The UK’s cost of living support won’t protect the poorest – here’s what the government should do instead
UK households have faced unprecedented blows to their living standards in 2022. Home energy costs have more than doubled and are threatening to triple, the price of petrol has risen by more than half since the start of last year and overall price inflation is heading for double digits.
We have seen plenty of comparisons to the 1970s recently, but two things could make today’s situation even worse. Inflation has not built gradually, but will have gone from zero to double digits in less than 18 months. This sudden acceleration has left people’s incomes far behind. Secondly, the course of this crisis has been highly unpredictable, with forecasts constantly being revised upwards. This creates the risk that any response will be out of date by the time it is implemented.
Rate of UK inflation, 2019-2022
This crisis is unlikely to be resolved soon, particularly as global energy costs continue to have large and highly unpredictable impacts on people’s finances. To address it properly, the government needs to develop a clear policy about how to respond to a constantly changing situation.
I experienced this volatility as an analyst when I responded to a request from former prime minister and chancellor Gordon Brown to assess the effectiveness of the government support package announced in May. It is still in the process of implementation but it gives a seemingly generous £1,200 a year to the worst off families.
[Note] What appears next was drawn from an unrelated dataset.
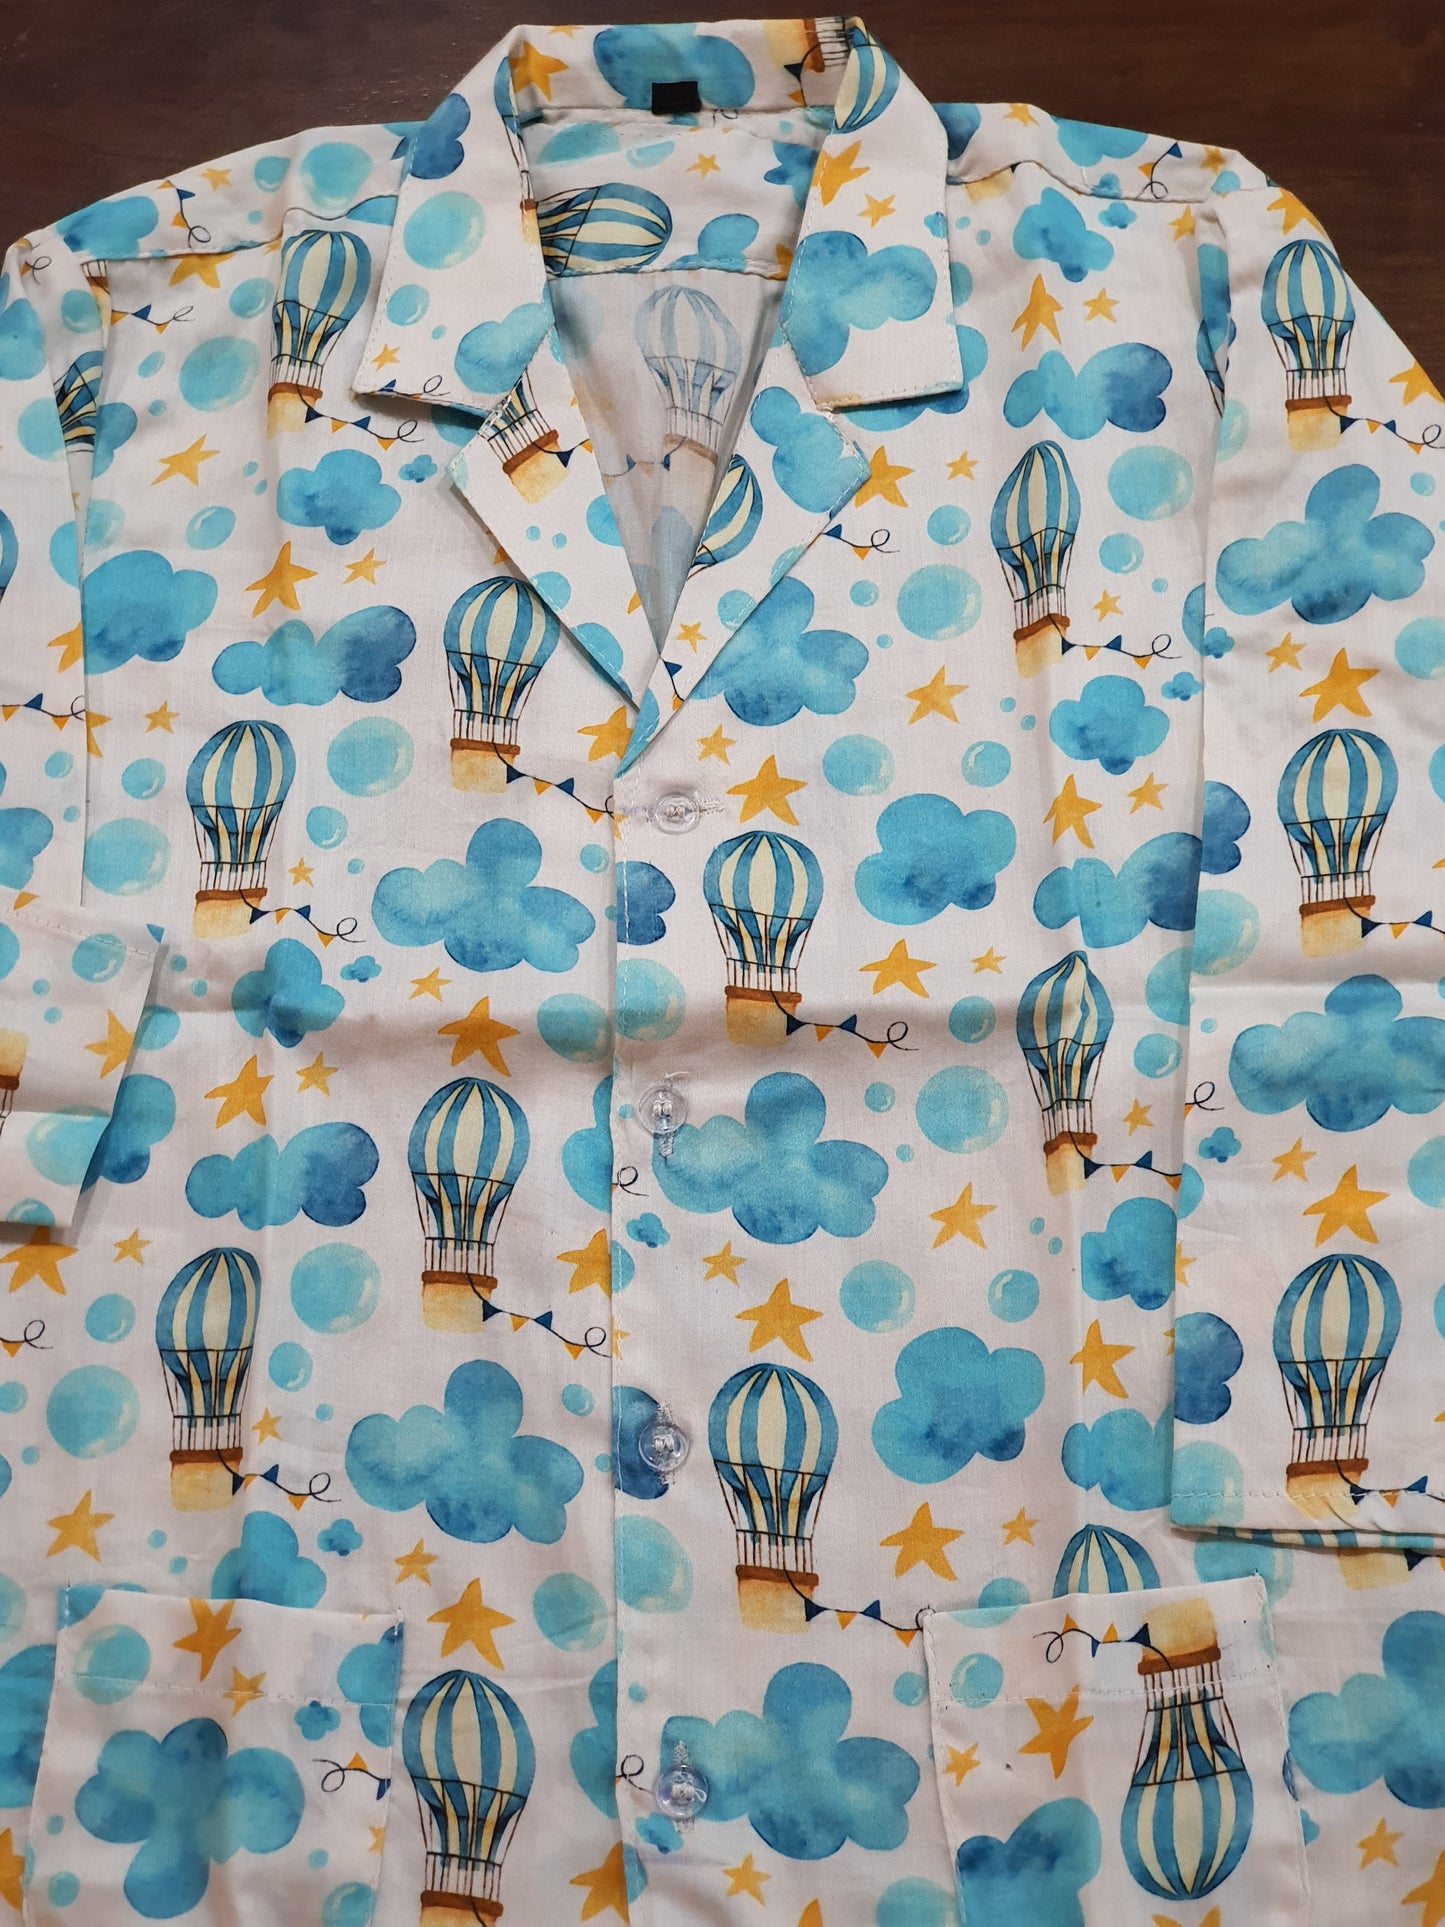 Super Soft Cotton Night Suit | Clouds & Air Balloon Print

As my resulting report shows, even at the time it was announced, the package fell short of compensating people on low incomes. These households have experienced the combined blows of last October’s £1,000-a-year cut in universal credit, April’s uprating of benefits by only 3% when inflation was 9%, and the £800 increase in fuel bills that was forecast last May for this October. Under these circumstances, a family with two children would be around £1,600 worse off overall, an significant deficit for those already struggling to make ends meet.
Rapidly developing picture
While I was working on the report, forecasts affecting the figures were changing at an alarming pace. Food inflation has taken off and domestic energy bills are now forecast to rise by £1,200 a year , up from the £800 forecast last May. Prices also appear to be rising more quickly for the worst off, but by how much is hard to measure since so much depends on individuals’ spending patterns.
My report had to include caveats for all of these moving parts. But these uncertainties do not just frustrate the neatness of an academic’s sums – more importantly, they affect policymakers’ ability to make fine judgements about how to respond.
The government’s response so far has involved a series of lump sum payments. This will certainly mitigate the problem but it won’t avert disaster this winter. It’s also an inefficient way to distribute this money: sending 8 million households cheques for a flat rate of £650 is administratively simple, but it gives the same amount to a family of four as to a single person.
Indeed, in a recent opinion piece published in the UK’s Observer newspaper that draws on the research of myself and others, Brown warned that a substantial proportion of the UK population will still end up cold and hungry this winter.
Fortunately, a consensus seems to be growing that more action is needed. Even Conservative Party leadership hopeful Liz Truss has backpedalled on her “no more handouts” principle recently. We need to match the scale of need rather than simply introducing modest measures, such as removing the 5% VAT on energy bills.
This will only avert a tiny fraction of the problem given that bills that are set to rise by 40% to 60% in October alone. But while everyone can agree that serious help is needed, agreeing on how much is another matter.
Providing more clarity
While no single calculation can really answer this question definitively, the most important thing politicians can do now is to at least give greater clarity on the principles they will apply to future decisions about how much help to give. This is a crisis that will not go away soon and constant ad hoc responses will not help. We need a clear policy about how to respond to a constantly changing situation.
My research leads me to conclude that there are two key principles that policymakers should consider, one for the shorter and another for the longer term.
In the short term, the government must show us that the worst off will not become worse off still. For more than 60 years, the postwar welfare state automatically increased benefits at least by inflation. This ended with a four-year benefits freeze starting in 2015.
Inflation uprating has since been restored, but using the previous September’s inflation rate to raise incomes in April creates a disconnect that has proved disastrous this year. Universal credit has computer systems that could make increases much more responsive in real time and a midyear uprating, particularly this October, is certainly justified.
The second, longer-term principle should be an improvement to the level of safety net the UK provides. This will ensure people on benefits do not have to live so close to the edge that a crisis such as this one threatens to push them over into poverty. This will require sustained political will.
The national emergency caused by the present threat to living standards could help to create the political determination to permanently improve social protection in this way. If so, something positive could yet come out of the present cost of living crisis.